**ASSIGNMENT:**
Copy word for word the lines of the records below, beginning at the one with "Srinathji Diamond Pendant" and finishing at the one with "Pages - Multi-Purpose", ends included, but none of the pictures.
START RECORDS TO PROCESS
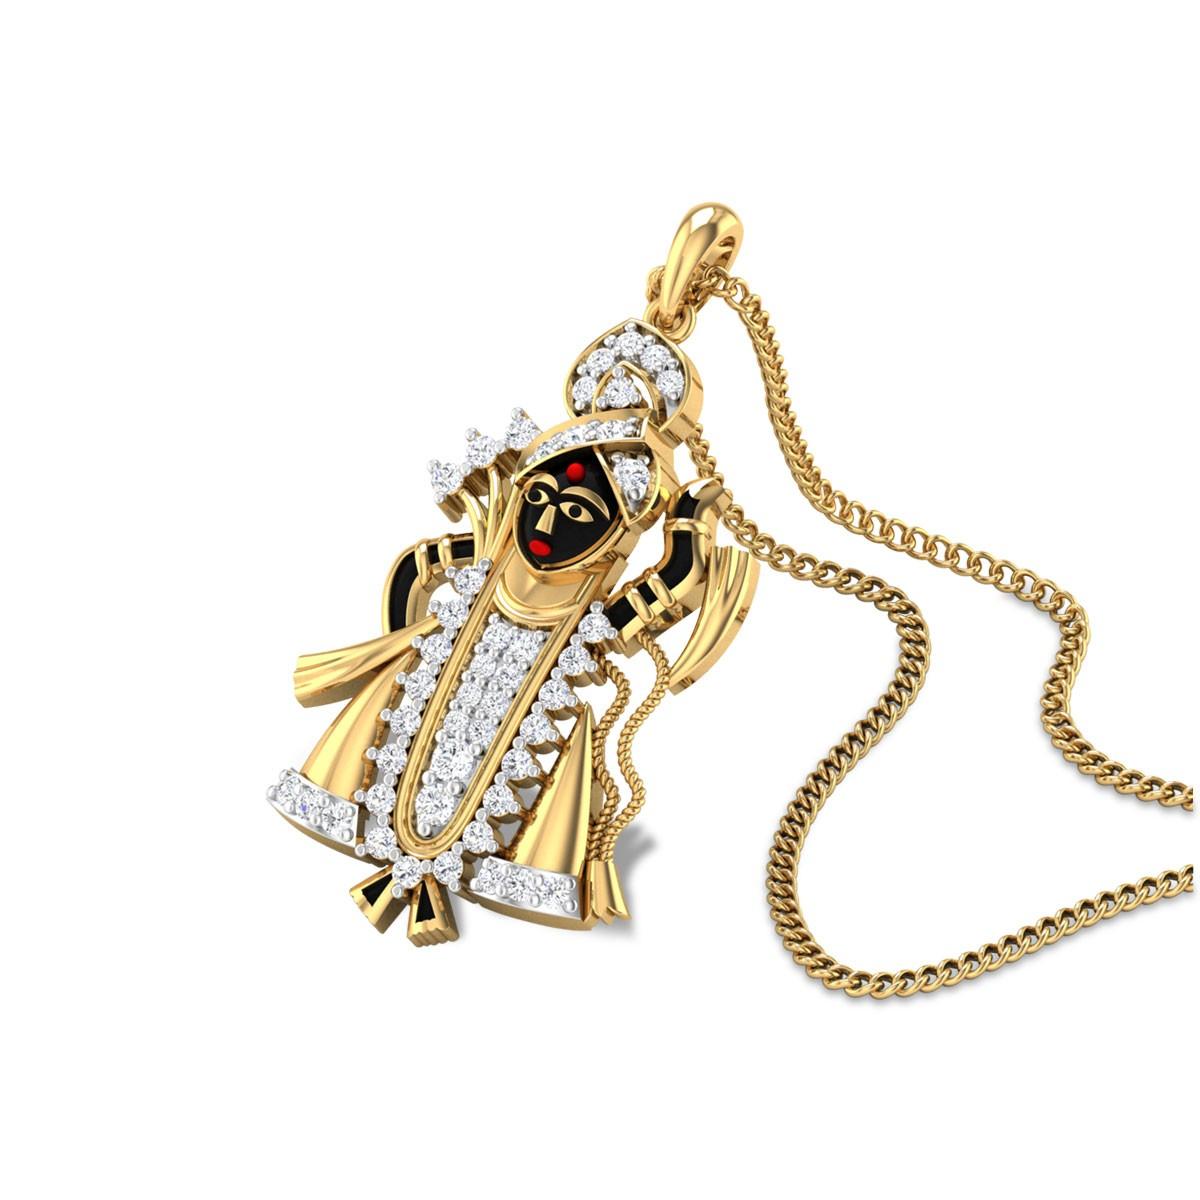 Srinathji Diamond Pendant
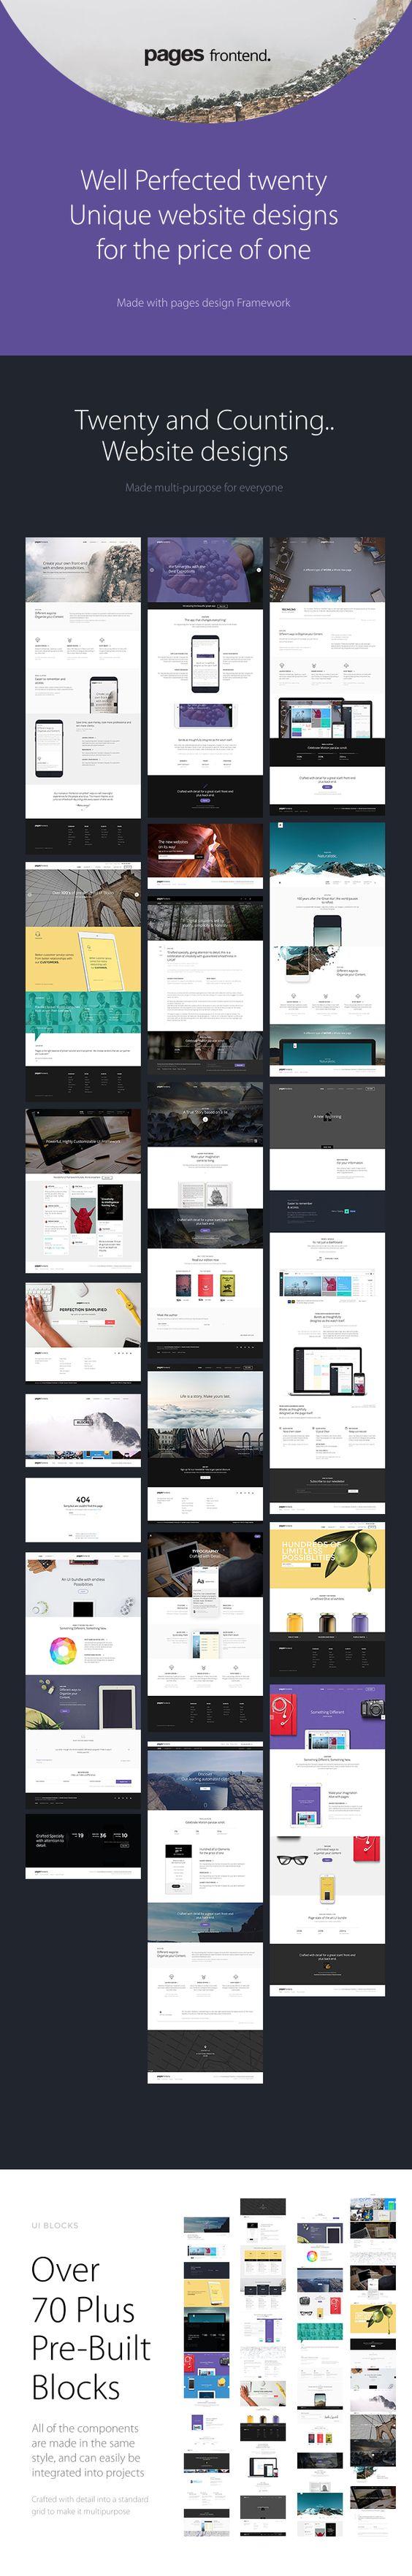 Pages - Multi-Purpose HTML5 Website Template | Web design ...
END RECORDS TO PROCESS
START RECORDS TO PROCESS
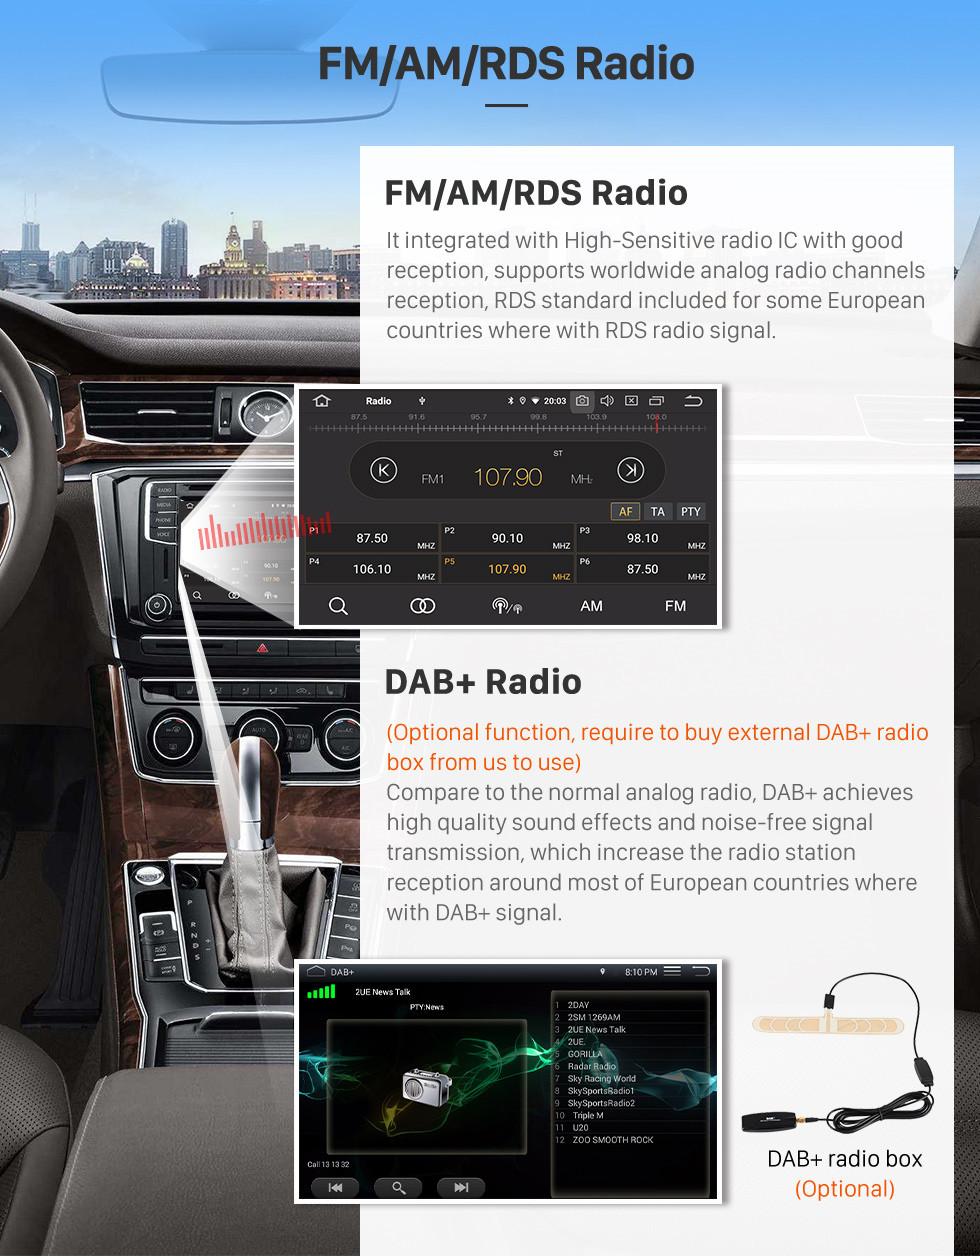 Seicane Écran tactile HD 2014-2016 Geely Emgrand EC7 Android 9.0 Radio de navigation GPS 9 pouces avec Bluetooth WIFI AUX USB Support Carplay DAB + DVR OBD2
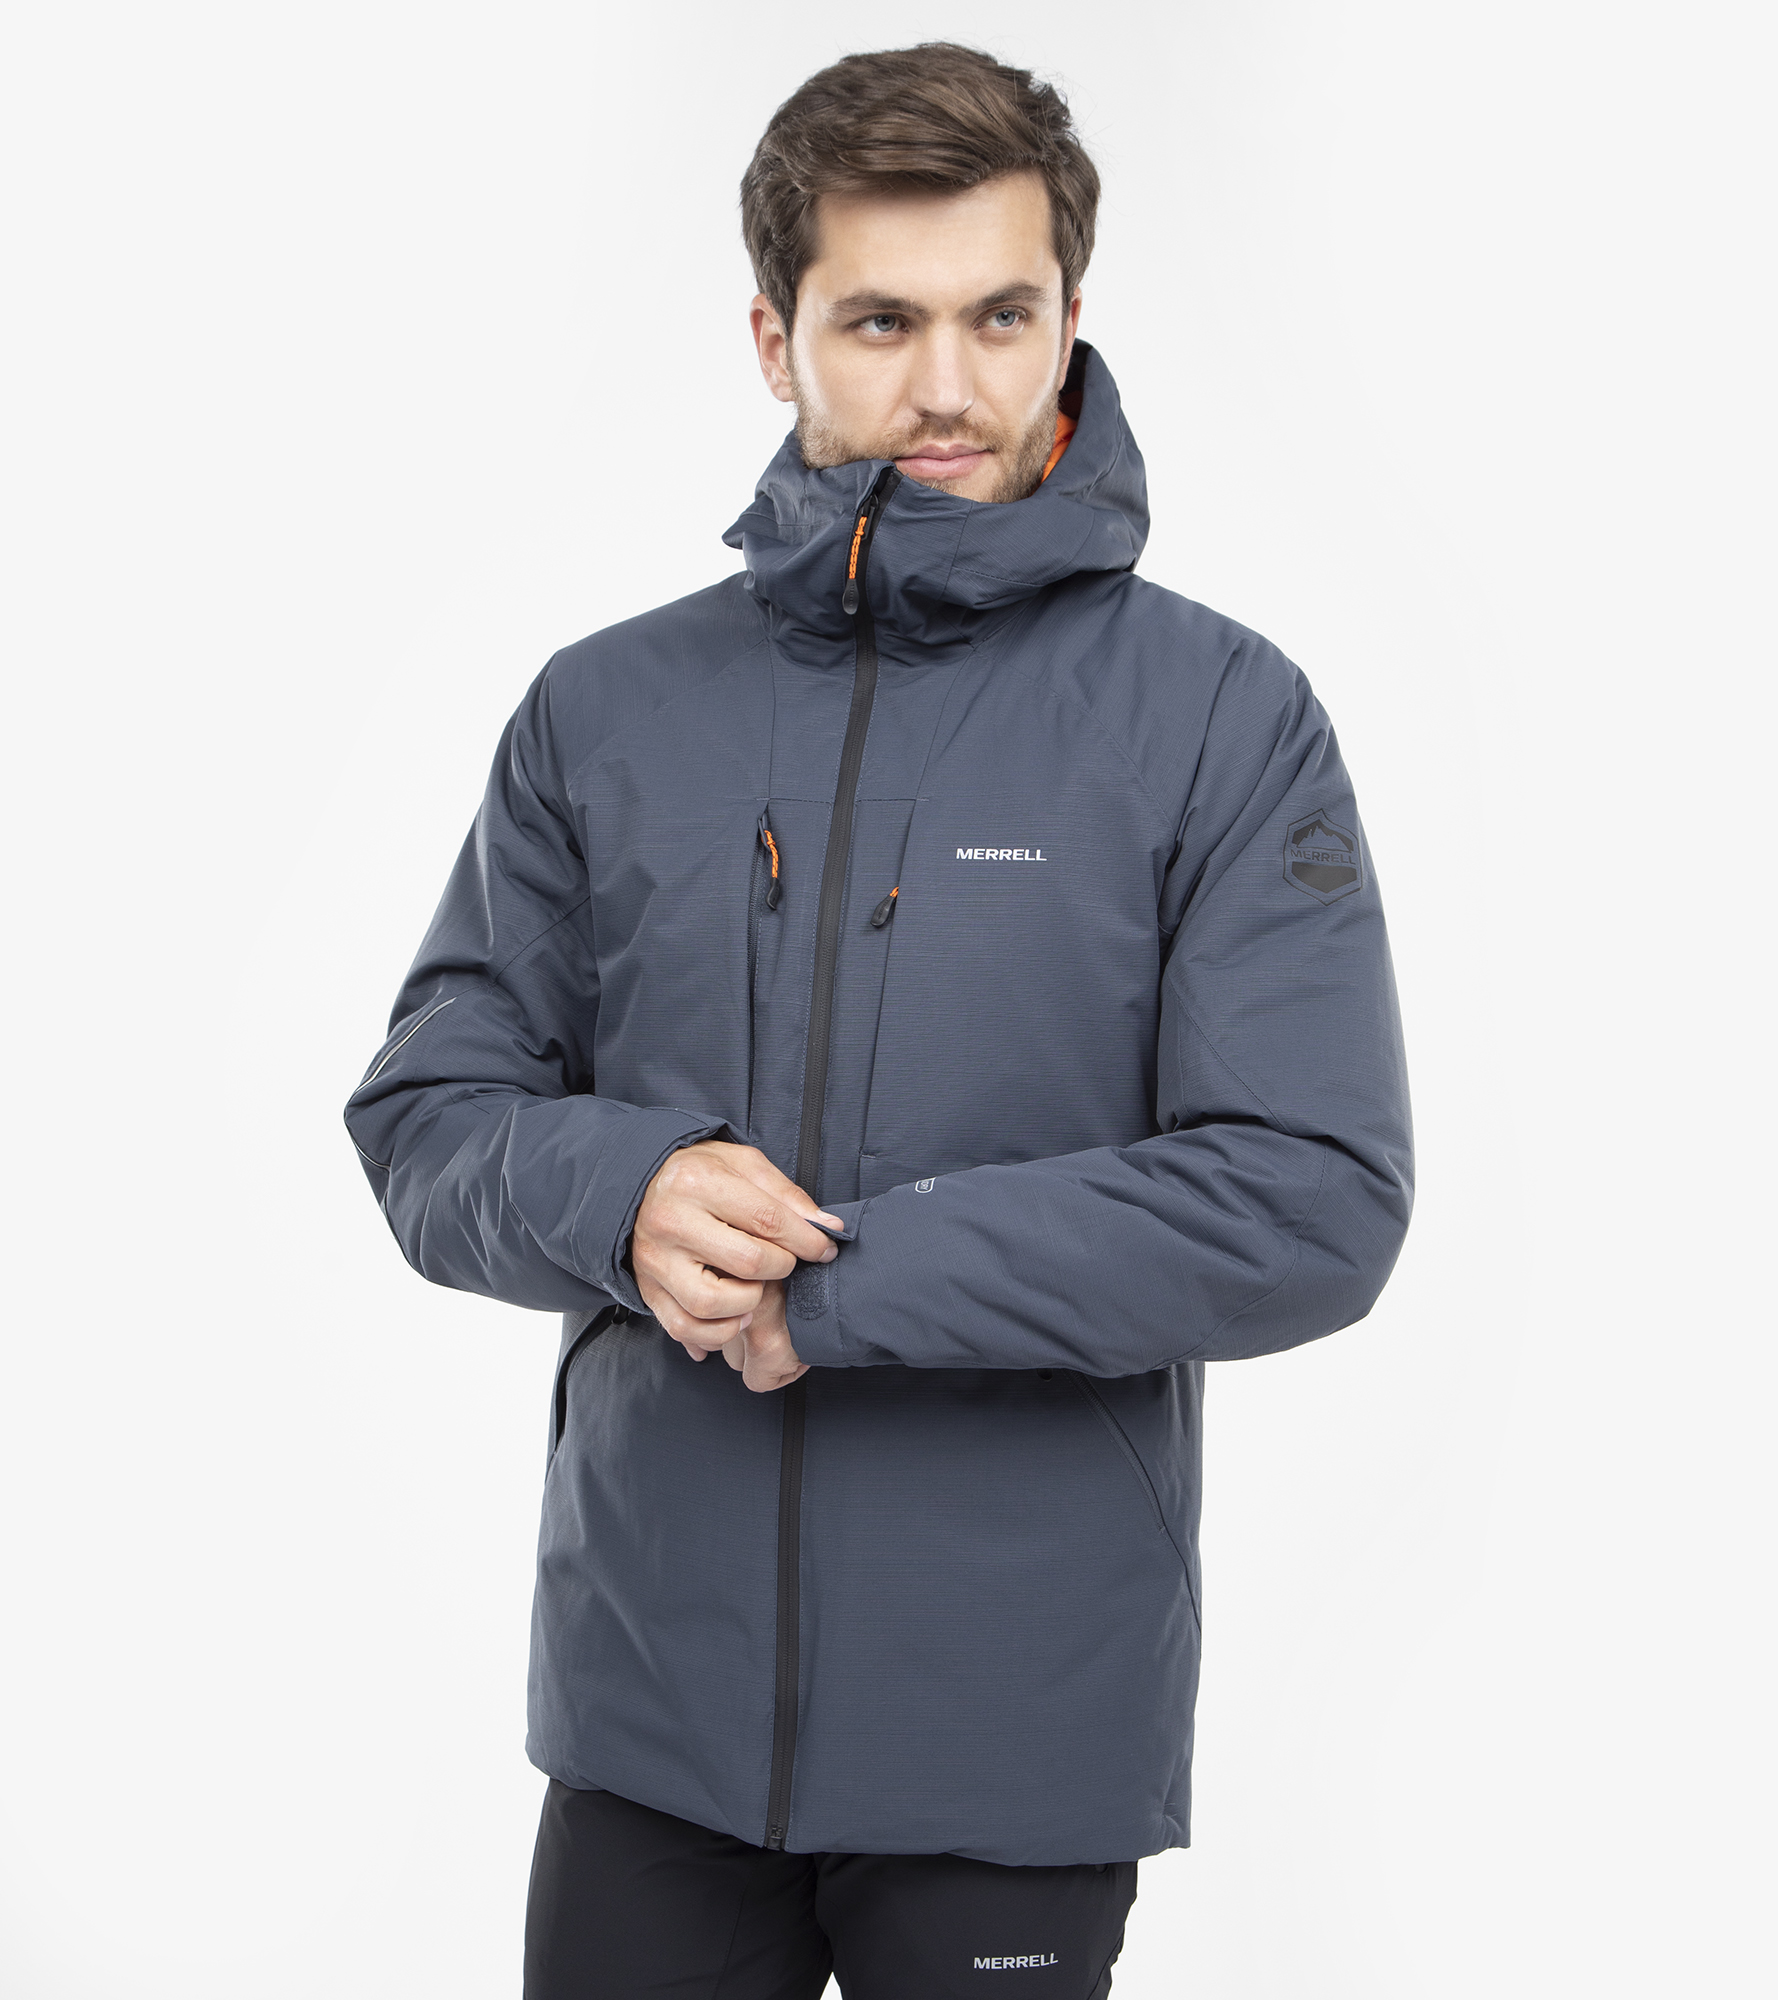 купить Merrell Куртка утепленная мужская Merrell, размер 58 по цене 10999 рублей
END RECORDS TO PROCESS
**OUTPUT BELOW:**
 Srinathji Diamond Pendant
 Pages - Multi-Purpose HTML5 Website Template | Web design ...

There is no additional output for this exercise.